启用 Google Kubernetes Engine API

如果您要使用 Google Cloud CLI 执行此任务，请安装并初始化 gcloud CLI。如果您之前安装了 gcloud CLI，请运行 gcloud components update 命令以获取最新版本。较早版本的 gcloud CLI 可能不支持运行本文档中的命令。
注意：对于现有 gcloud CLI 安装，请务必设置 compute/region 属性。如果您主要使用可用区级集群，请改为设置 compute/zone。通过设置默认位置，您可以避免 gcloud CLI 中出现如下错误：One of [--zone, --region] must be supplied: Please specify location。如果集群的位置与您设置的默认位置不同，您可能需要在某些命令中指定位置。

确保您已有运行 1.30.3-gke.1451000 版或更高版本的 GKE 集群。如需了解详情，请参阅创建 Autopilot 集群。
如果您使用的是 Standard 模式集群，请确保满足以下要求之一：
- 在集群中的至少一个节点池上启用自动扩缩。
- 如果您的 Standard 集群运行的版本低于 1.33.3-gke.1136000 且未在快速发布渠道中注册，请启用集群级节点自动预配。

ComputeClass 的示例场景

本文档展示了一个示例场景，您需要为其定义自定义 ComputeClass。在实践中，您应考虑特定工作负载和组织的要求，并定义满足这些要求的 ComputeClass。如需查看ComputeClass的所有选项的完整说明并了解特殊注意事项，请参阅自定义ComputeClass简介。

请考虑以下示例场景：

您的目标是优化工作负载的运行费用
您的工作负载具有容错性，不需要优雅关停或延长运行时
您的工作负载至少需要 64 个 vCPU 才能以最佳状态运行
您只能使用 N4 Compute Engine 机器系列

根据示例场景，您决定需要一个ComputeClass来执行以下操作：

优先使用至少具有 64 个 vCPU 的 N4 Spot 节点
允许 GKE 回退到任何 N4 Spot 节点，无论计算容量如何
如果没有可用的 N4 Spot 节点，则让 GKE 使用按需 N4 节点
告知 GKE 在 Spot 节点再次可用时将工作负载移至这些节点

在 Autopilot 模式下配置 ComputeClass

在 GKE Autopilot 中，您可以定义 ComputeClass，将其部署到集群，然后在工作负载中请求该 ComputeClass。GKE 会为您执行任何节点配置步骤，例如应用标签和污点。

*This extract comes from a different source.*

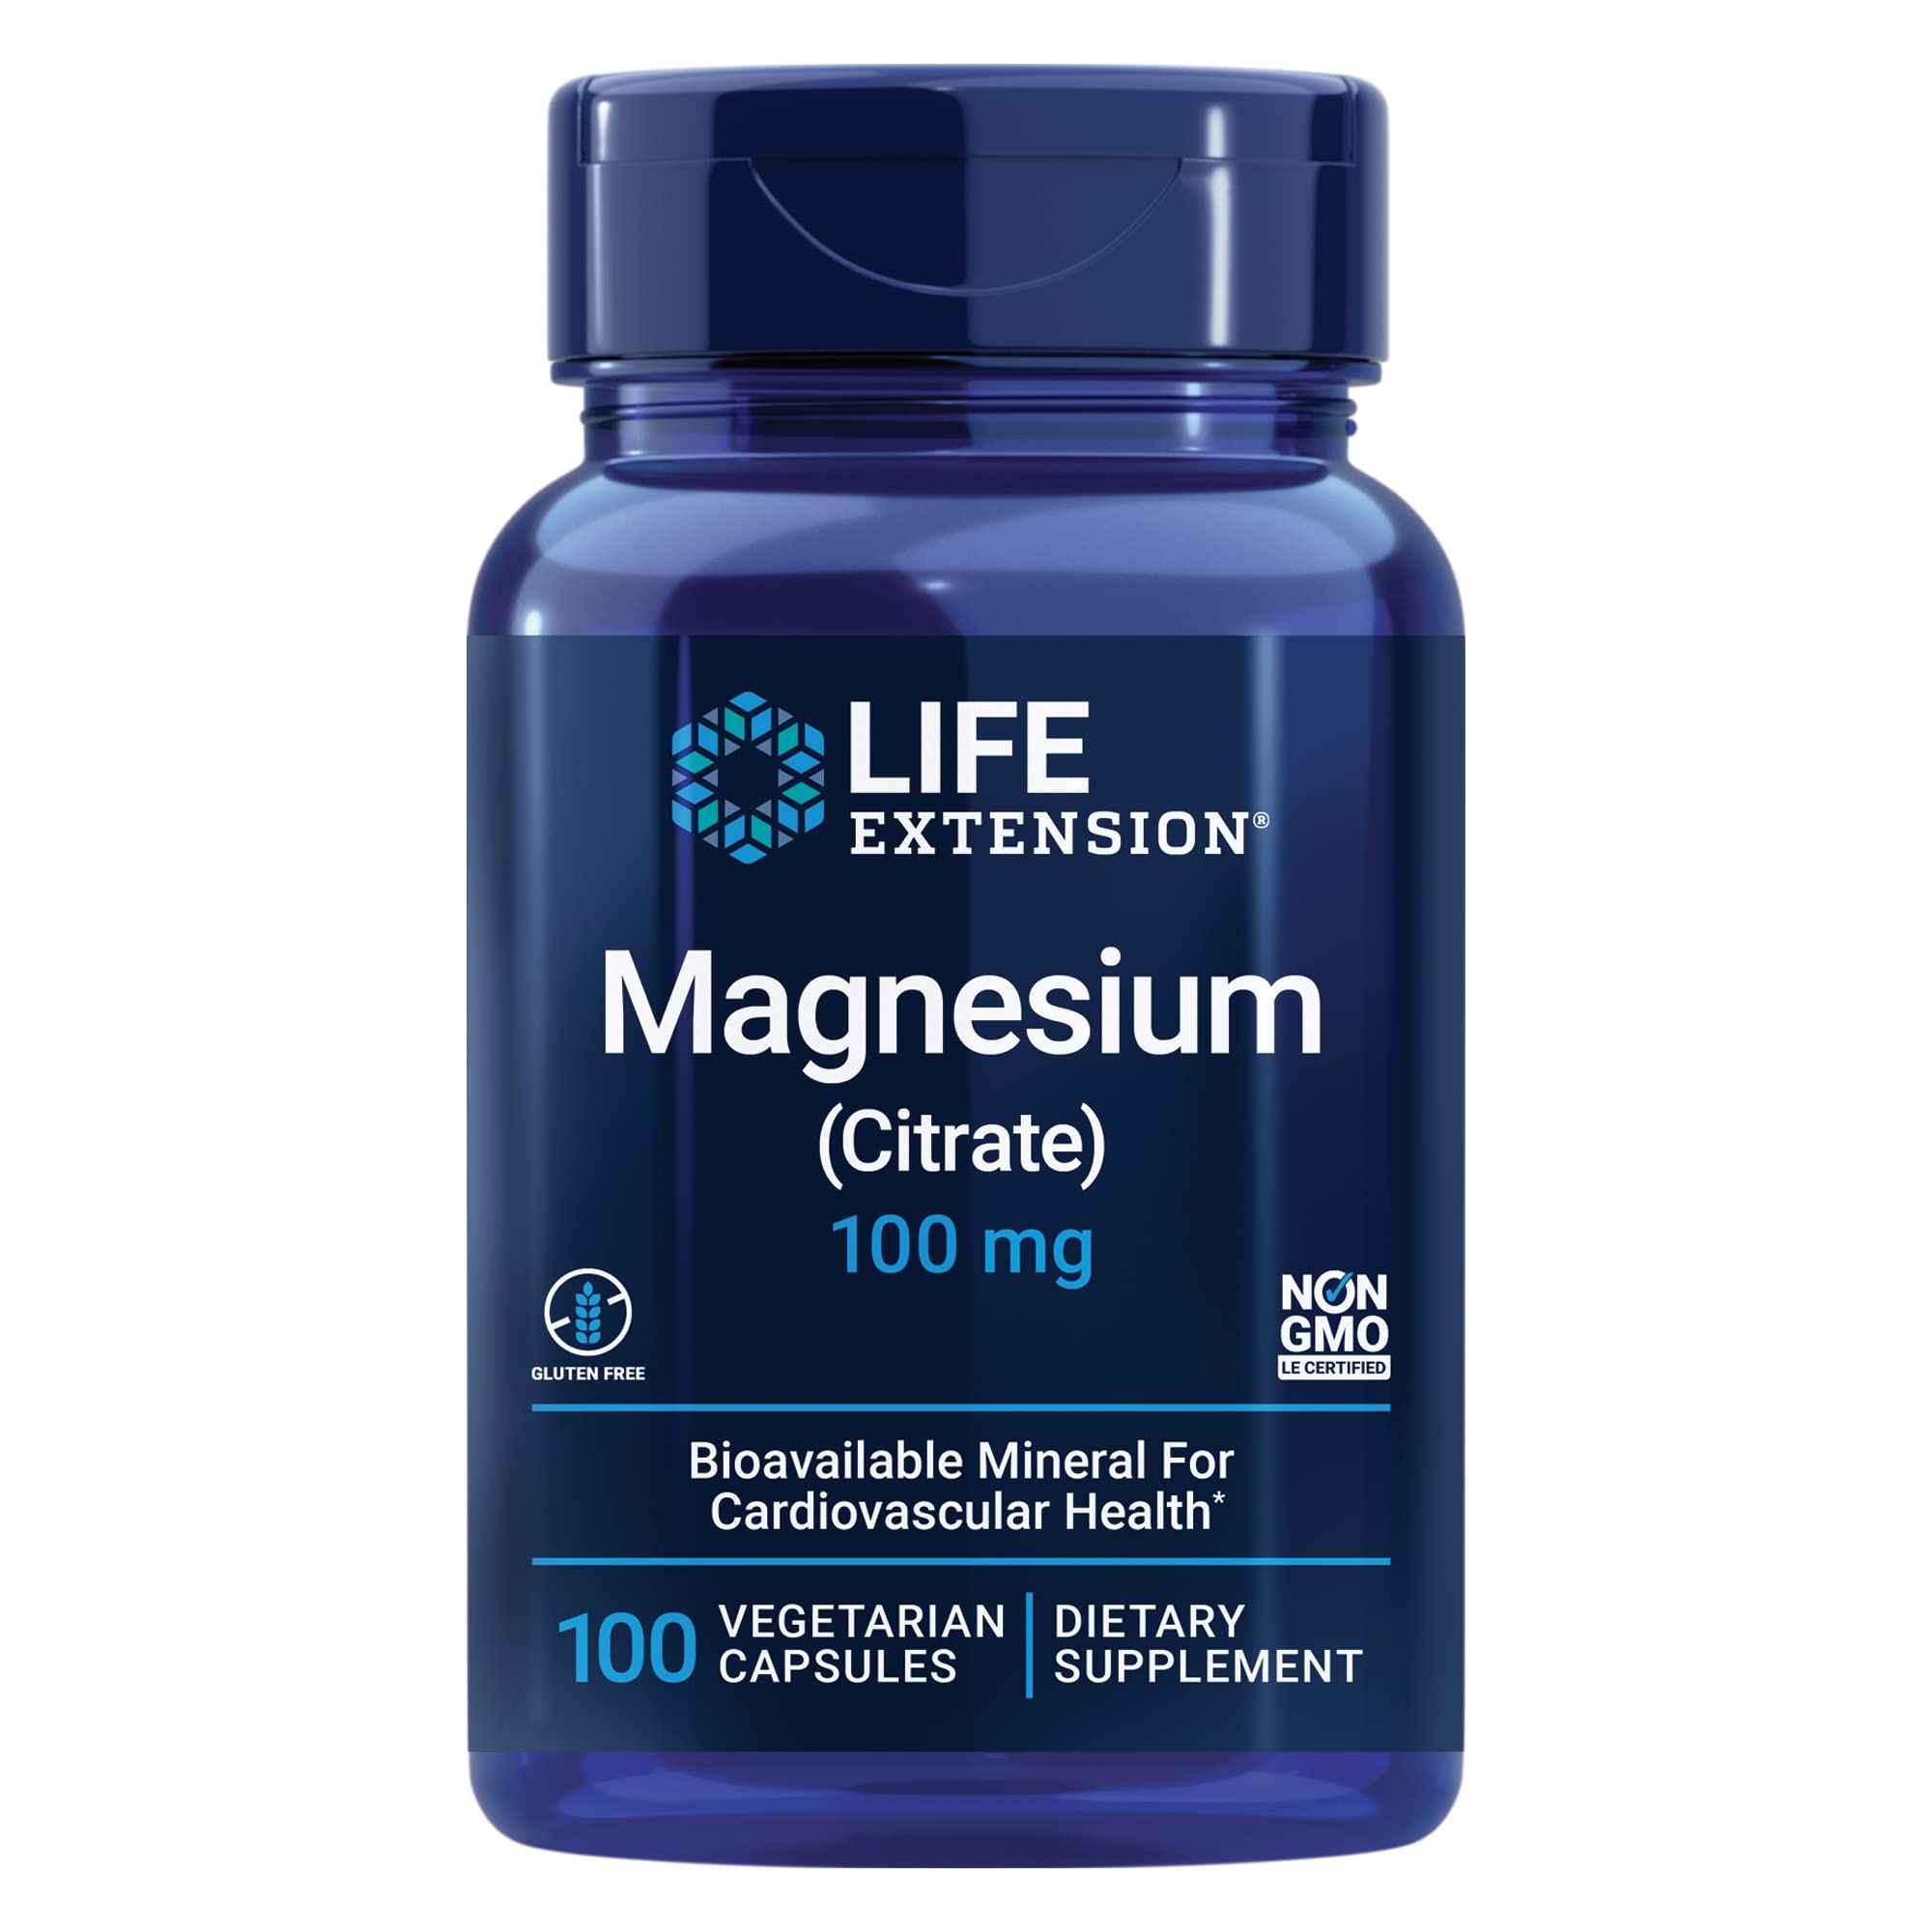 Life Extension Magnesium (Citrate)鎂（含檸檬酸）100 mg 100膠囊

将以下清单保存为 compute-class.yaml：

apiVersion: cloud.google.com/v1
kind: ComputeClass
metadata:
  name: cost-optimized
spec:
  priorities:
  - machineFamily: n4
    spot: true
    minCores: 64
  - machineFamily: n4
    spot: true
  - machineFamily: n4
    spot: false
  activeMigration:
    optimizeRulePriority: true
  nodePoolAutoCreation:
    enabled: true

在 Standard 模式下配置ComputeClass

在 GKE Standard 模式集群中，您可能需要执行手动配置，以确保 ComputeClass Pod 按预期调度。手动配置取决于是否自动创建节点池，如下所示：

自动创建的节点池：无需手动配置。GKE 会自动为您执行 ComputeClass 配置步骤。如需了解详情，请参阅节点池自动创建和 ComputeClass。
手动创建的节点池：需要手动配置。您必须向手动创建的节点池添加节点标签和节点污点，以将节点与特定 ComputeClass 相关联。如需了解详情，请参阅配置手动创建的节点池以使用ComputeClass。

如需让 GKE 自动为您的 ComputeClass 创建节点池，请按以下步骤操作：

对于运行 1.33.3-gke.1136000 之前版本且未在快速发布渠道中注册的 Standard 模式集群，请启用集群级节点自动预配。

将以下示例清单保存为 compute-class.yaml：

apiVersion: cloud.google.com/v1
kind: ComputeClass
metadata:
  name: cost-optimized
spec:
  priorities:
  - machineFamily: n4
    spot: true
    minCores: 64
  - machineFamily: n4
    spot: true
  - machineFamily: n4
    spot: false
  activeMigration:
    optimizeRulePriority: true
  nodePoolAutoCreation:
    enabled: true

当您部署请求此示例ComputeClass的 Pod 并且需要创建新节点时，GKE 会优先根据 priorities 字段中的排序项创建节点。如果需要，GKE 会创建满足 ComputeClass 硬件要求的新节点池。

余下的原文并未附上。